--- Given data Enclosed Below ---

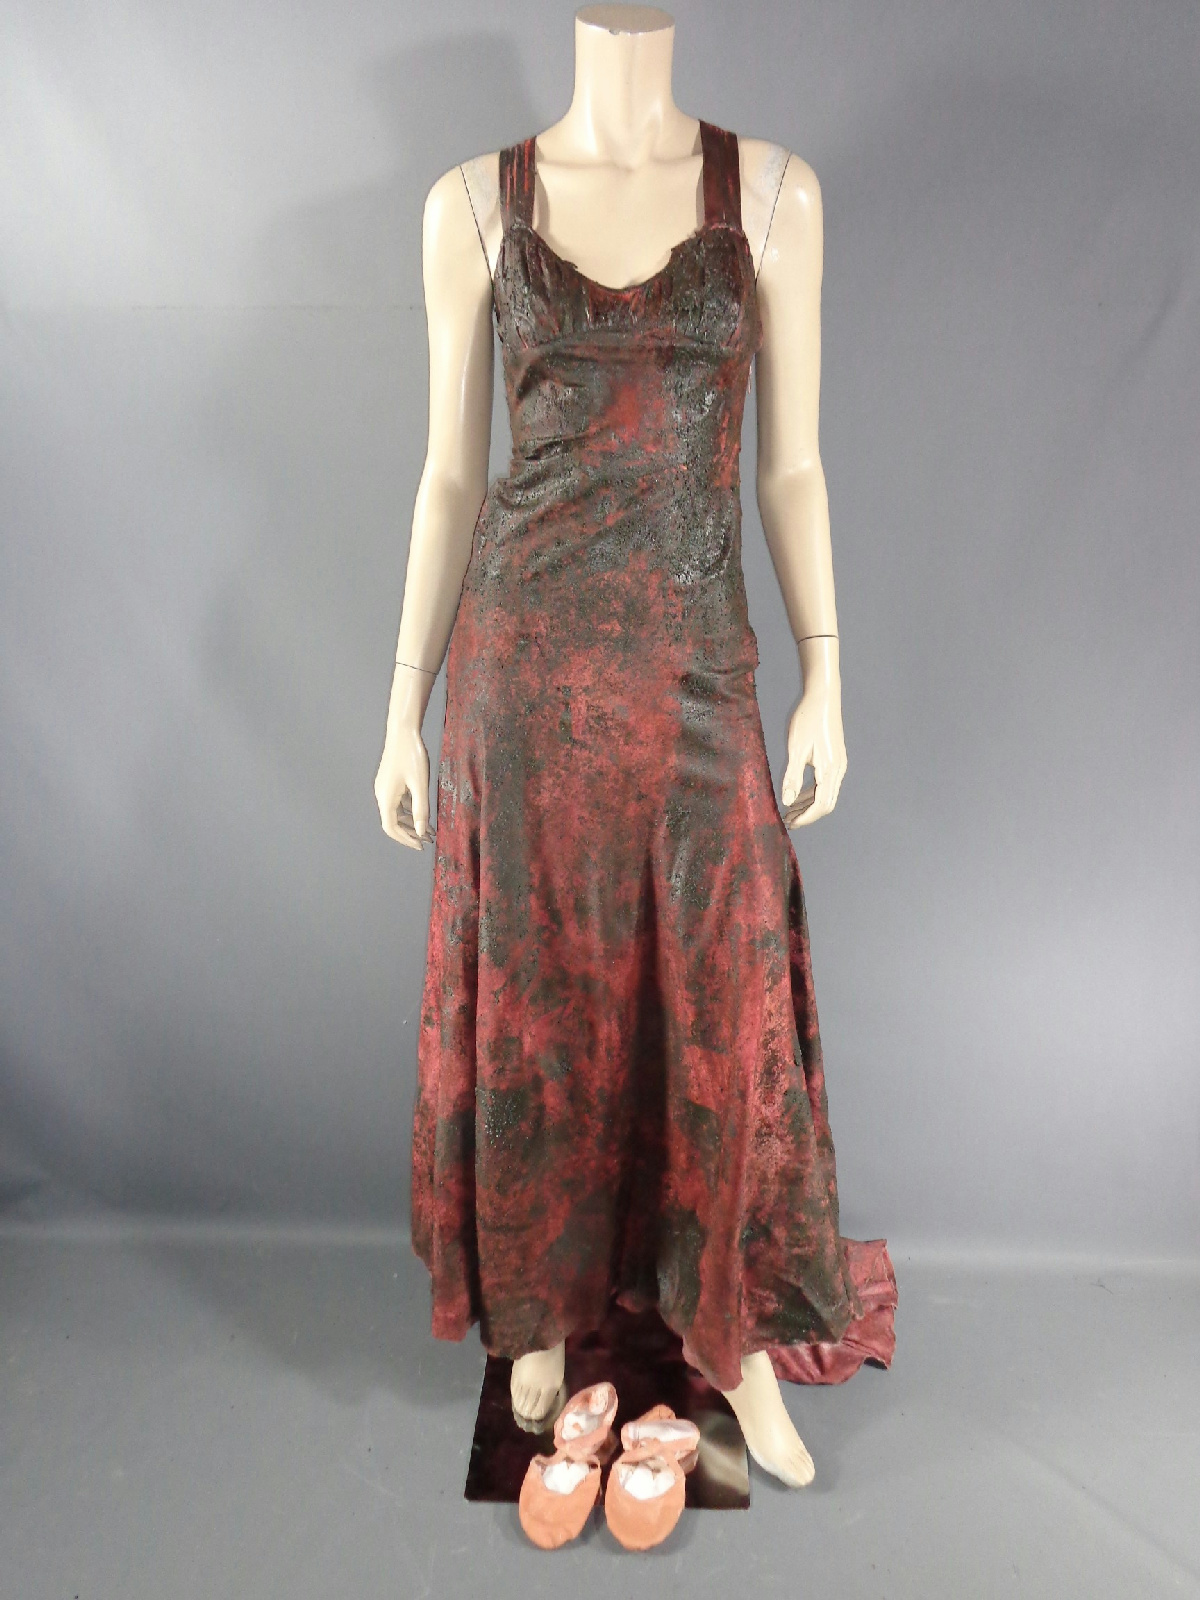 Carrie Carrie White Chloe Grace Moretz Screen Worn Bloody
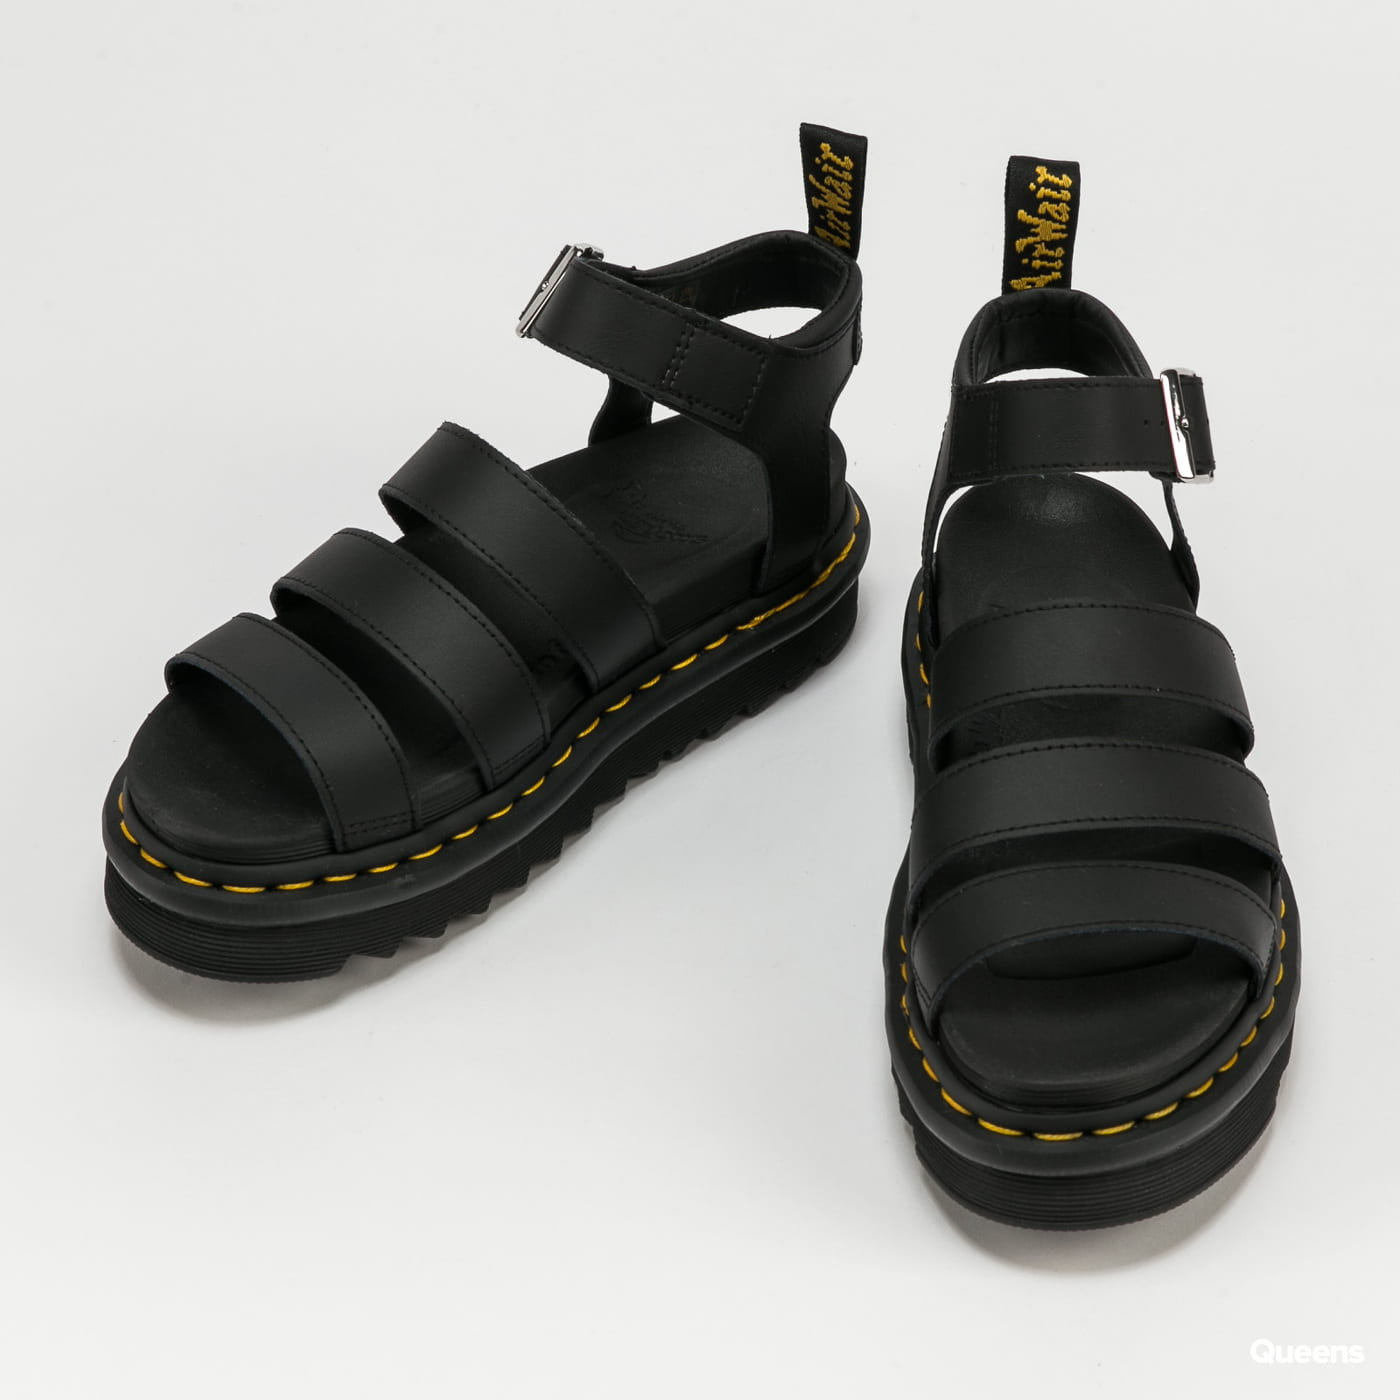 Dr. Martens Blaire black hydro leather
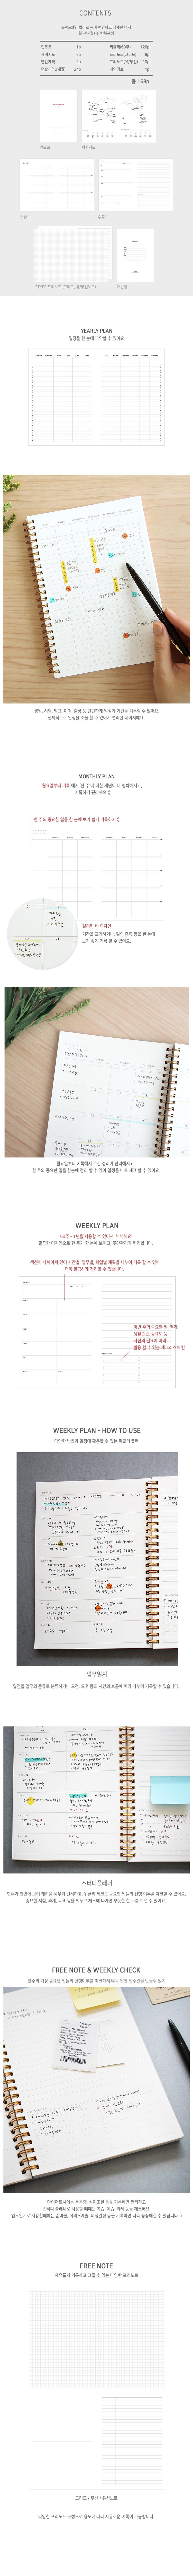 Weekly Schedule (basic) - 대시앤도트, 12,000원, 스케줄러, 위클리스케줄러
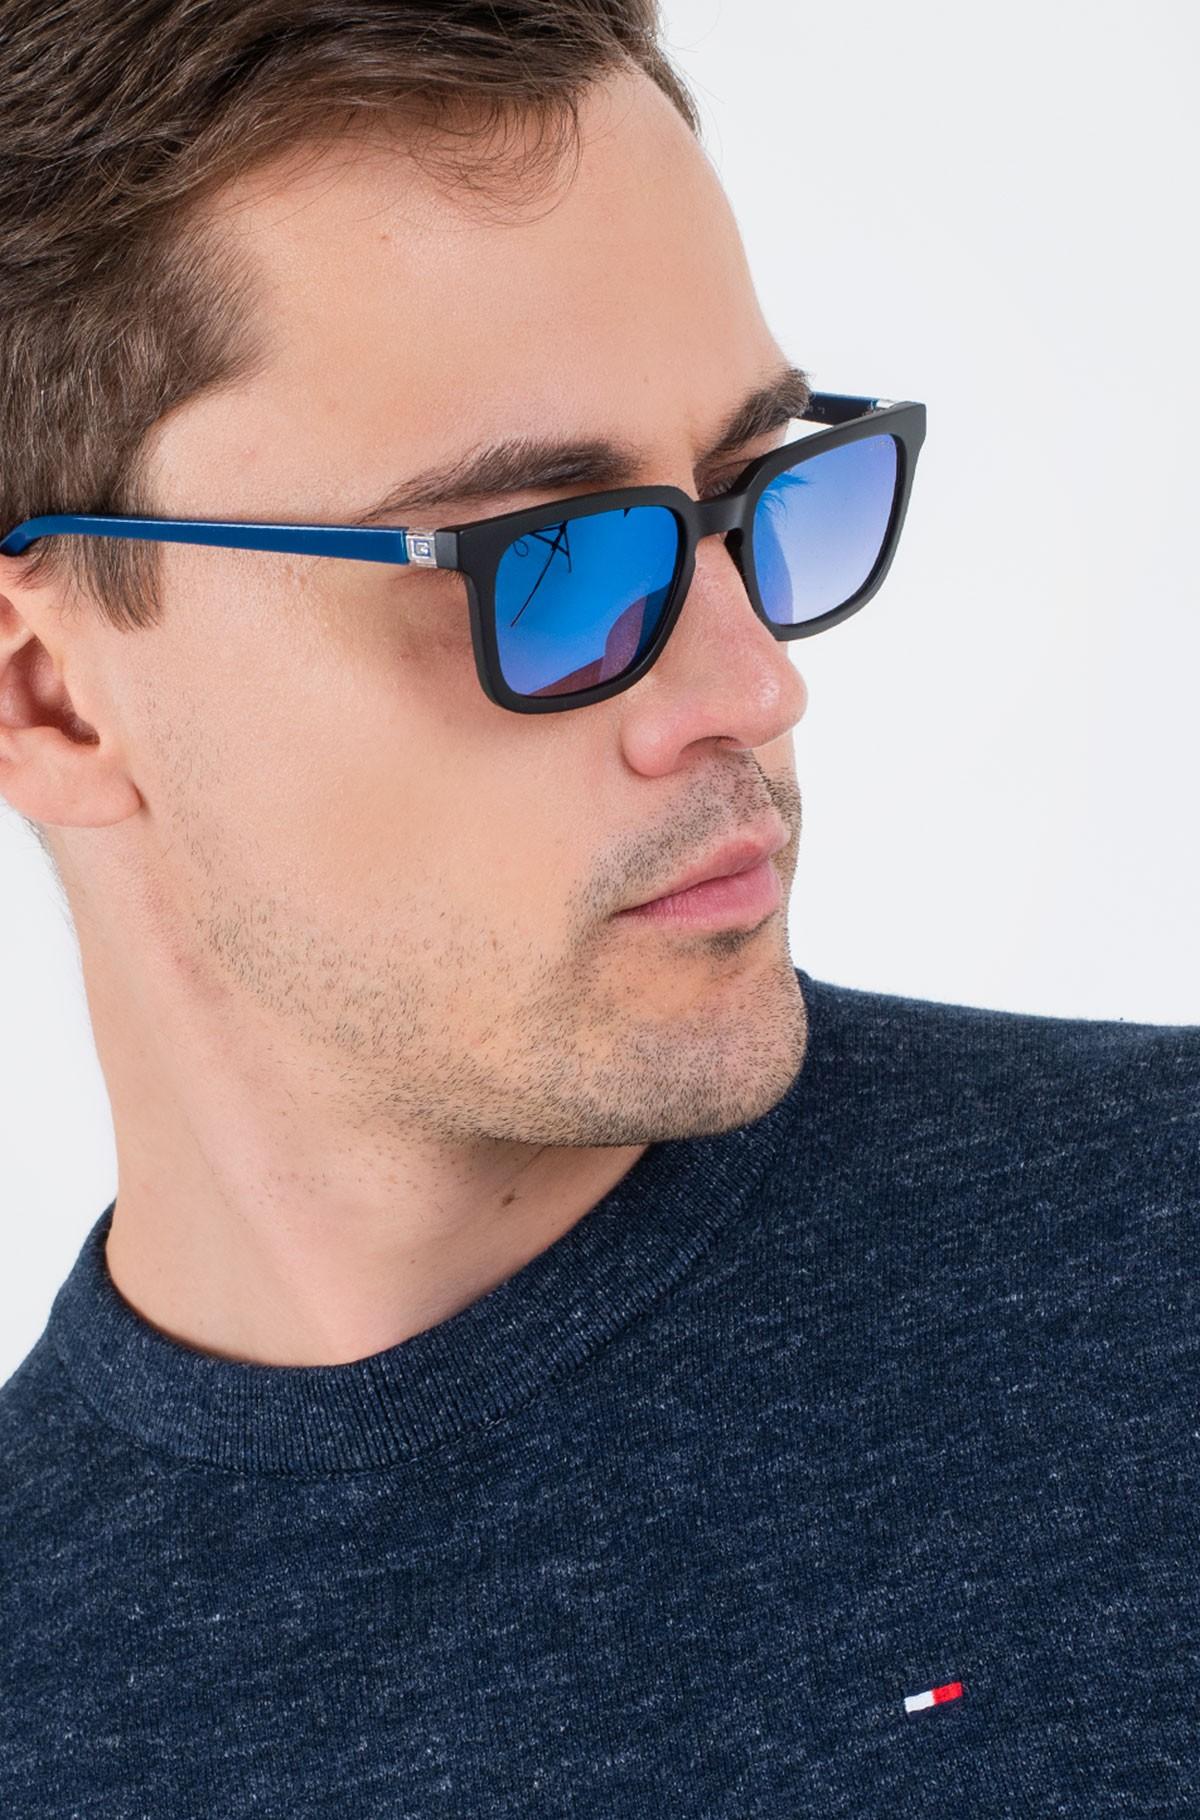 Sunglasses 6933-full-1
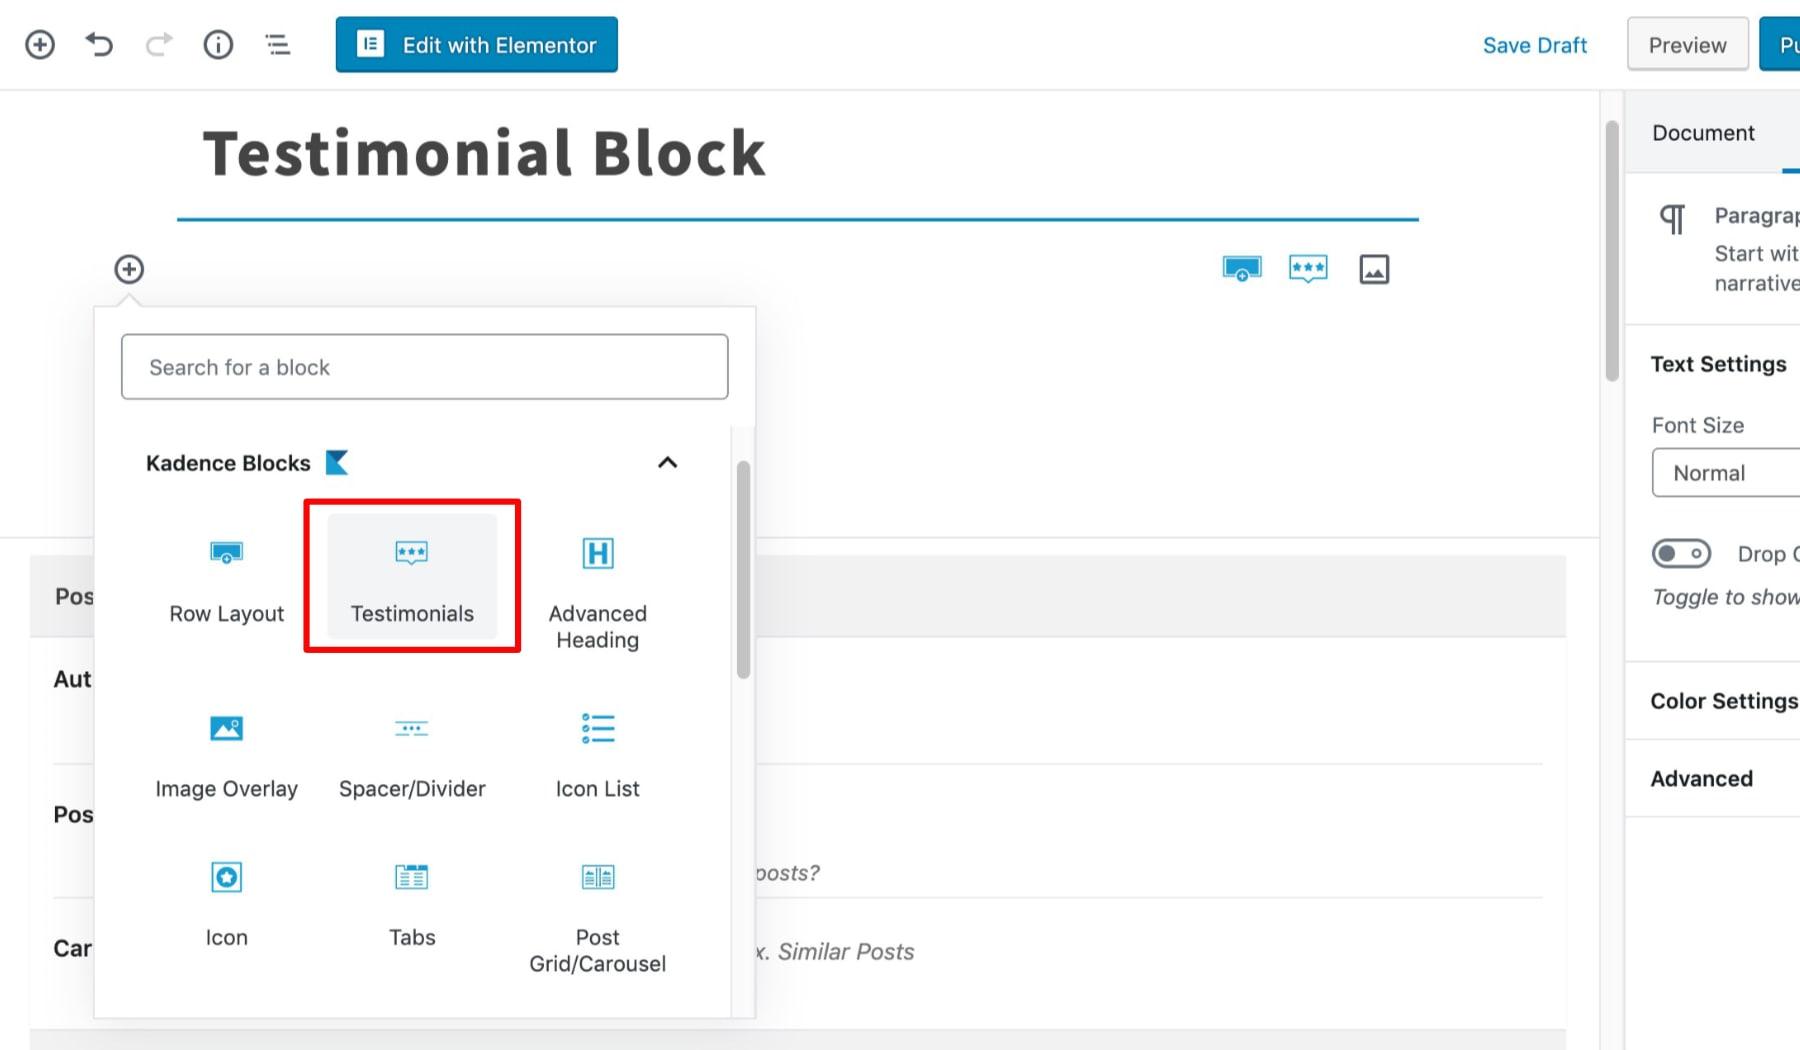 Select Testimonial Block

--- End of Enclosed Given data ---

Restate every line of the data above word for word, with the images removed.

* Response area
 Carrie Carrie White Chloe Grace Moretz Screen Worn Bloody
 Dr. Martens Blaire black hydro leather
 Weekly Schedule (basic) - 대시앤도트, 12,000원, 스케줄러, 위클리스케줄러
 Sunglasses 6933-full-1
 Select Testimonial Block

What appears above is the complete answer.